Sunday, November 18, 2007

Black Sesame

Japanese cuisine has never been one of my absolute favorites, but on my recent trip there I was happy to discover several native foods that perfectly match my palate. Black sesame is one. I don't know that the flavor of the seed itself is any different from the white version, but I can tell you that the black sesame crackers, mochi and as in this photo, ice cream, were among the very best culinary memories I brought back with me.

Caveat: I have been known to bang the drum for sweets that find no takers among my circle. Red or mung bean paste desserts leave most people wondering if they can ever again take seriously my food recommendations. Same thing happens when I recommend avocado milk shakes (with chocolate!). But a food culture that can make a bland bean into a sweet confection is one I can really respect. Hey, it's nutritious!

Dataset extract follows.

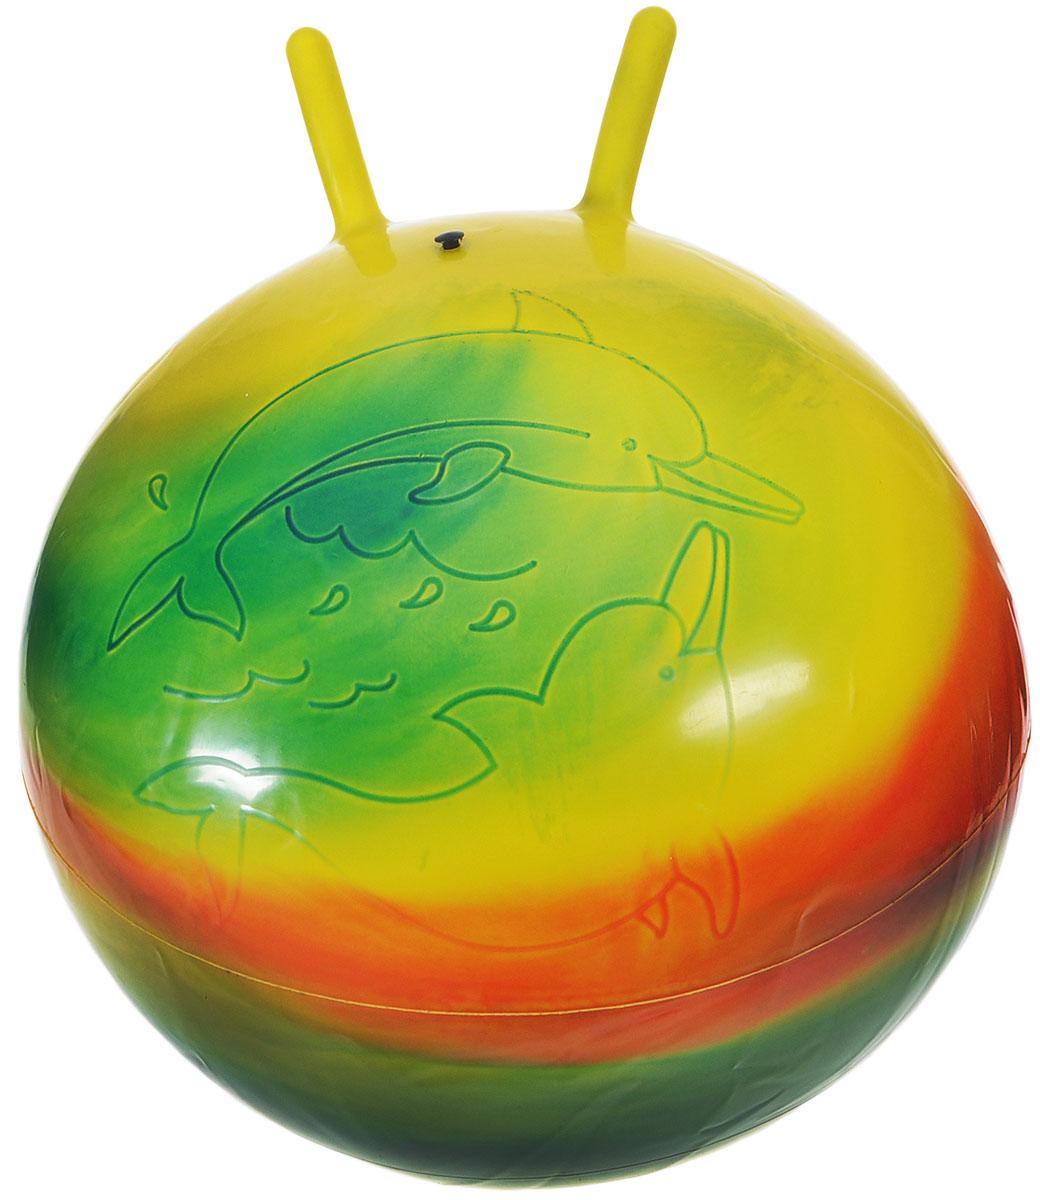 Мяч-попрыгун с рожками от бренда Stantoma с изображением кота - это замечательная игрушка для малышек! С таким мячом не захочется надолго расставаться! К тому же он не займет много места, в случае необходимости можно сдуть мяч и убрать.Этот мяч-прыгунок для активного времяпрепровождения станет отличным подарком вашему малышу.

I discovered on the web that this ice cream, on your right in the picture - with a delicate but distinct nutty flavor -- can be obtained here in NYC. I'll be stopping by next time I'm in the area.

Friday, November 02, 2007

Chestnut Nostalgia

It is one of my comfort foods. Resistant to cultivation outside its native geography, and forced to unequivocally mark the arrival of autumn and autumn alone, the edible chestnut is something to look forward to this time of year if you are lucky enough to live in its environs. It is not just a great snack on its own -- sweet but not a bit cloying like a persimmon, that other wonderful autumn fruit, can be. It is healthy and nourishing if simply roasted or boiled. It takes me way, way back to the days of chilly legs poking out of my scratchy tweed coat with the velvet cuffs, standing on frosty cobblestones for a parent to hand me the warm paper cone of singed chestnuts, with the aroma of charcoal and burnt peel wafting around us. The farinata of chestnut taken with a glass of red wine in Florence on days prior to Christmas as the temperature plunged is a memory of adulthood.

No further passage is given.